A basic multivariate Gaussian class. Has caching to avoid duplicate calculation.

getCovariance(self) Returns the covariance matrix.

getMean(self) Returns the mean.

getNorm(self) Returns the normalising constant of the distribution. Typically for internal use only.

getPrecision(self) Returns the precision matrix.

prob(self, x) Given a vector x evaluates the probability density function at that point.

sample(self) Draws and returns a sample from the distribution.

setCovariance(self, covariance) Sets the covariance matrix. Alternativly you can use the setPrecision method.

setMean(self, mean) Sets the mean - you can use anything numpy will interprete as a 1D array of the correct length.

setPrecision(self, precision) Sets the precision matrix. Alternativly you can use the setCovariance method.

GaussianInc()

Allows you to incrimentally calculate a Gaussian distribution by providing lots of samples.

add(self, sample, weight = 1.0) Updates the state given a new sample - sample can have a weight, which obviously defaults to 1, but can be set to other values to indicate repetition of a single point, including fractional.

fetch(self) Returns the Gaussian distribution calculated so far.

makeSafe(self) Bodges the internal representation so it can provide a non-singular covariance matrix - obviously a total hack, but potentially useful when insufficient information exists. Works by taking the svd, nudging zero entrys away from 0 in the diagonal matrix, then multiplying the terms back together again.

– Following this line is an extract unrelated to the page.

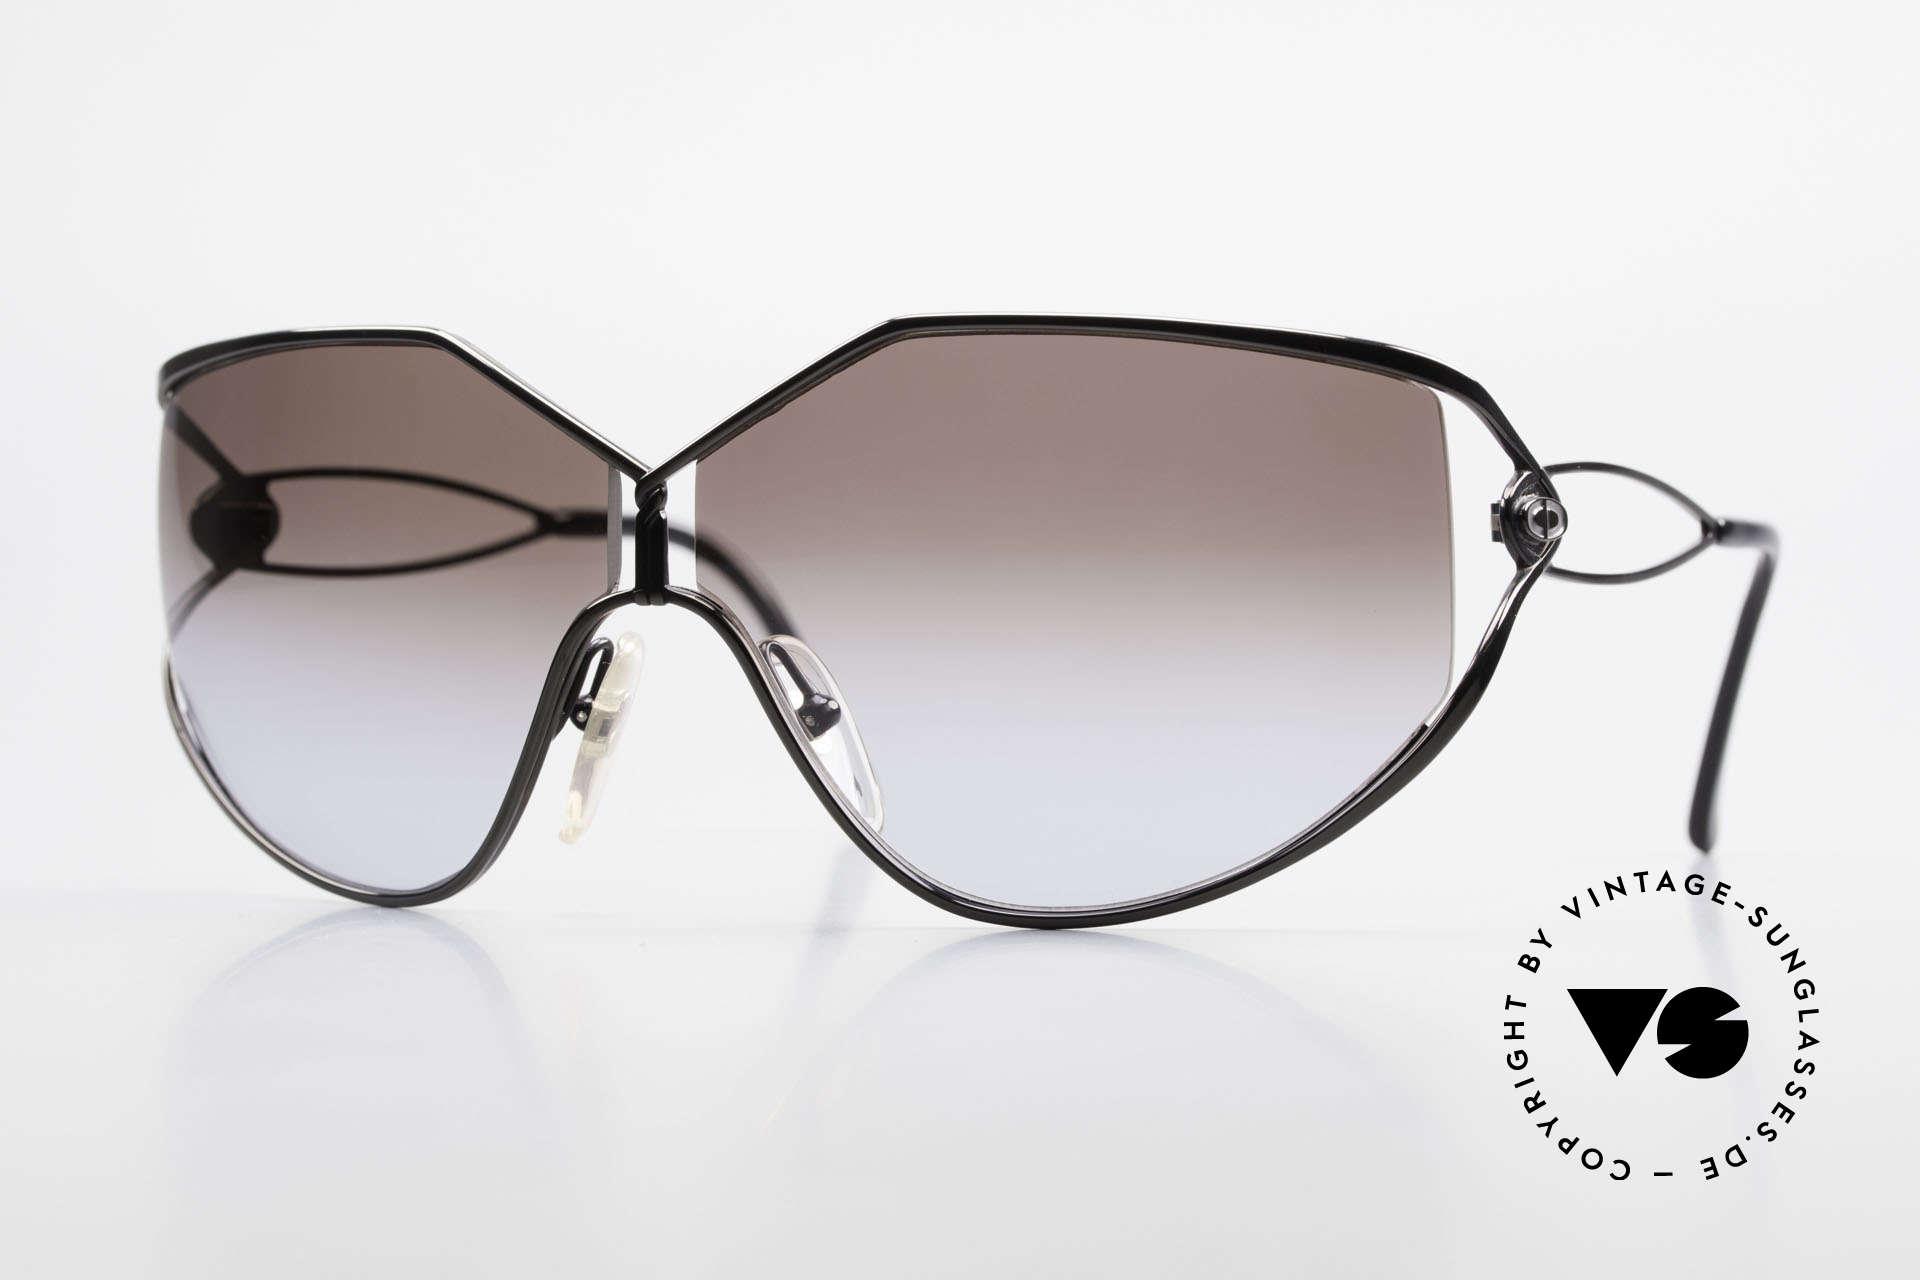 Christian Dior 2345 Damen Designersonnenbrille, vintage Oversize Sonnenbrille von Christian Dior, Passend für Damen

End result is arbitary, but won't be inconsistant with the data provided.

safe(self) Returns True if it has enough data to provide an actual Gaussian, False if it does not.

Wishart()

Simple Wishart distribution class, quite basic really, but has caching to avoid duplicate computation.

getDof(self) Returns the degrees of freedom.

getInvScale(self) Returns the inverse of the scale matrix.

getNorm(self) Returns the normalising constant of the distribution, typically not used by users.

getScale(self) Returns the scale matrix.

prob(self, mat) Returns the probability of the provided matrix, which must be the same shape as the scale matrix and also symmetric and positive definite.

sample(self) Returns a draw from the distribution - will be a symmetric positive definite matrix.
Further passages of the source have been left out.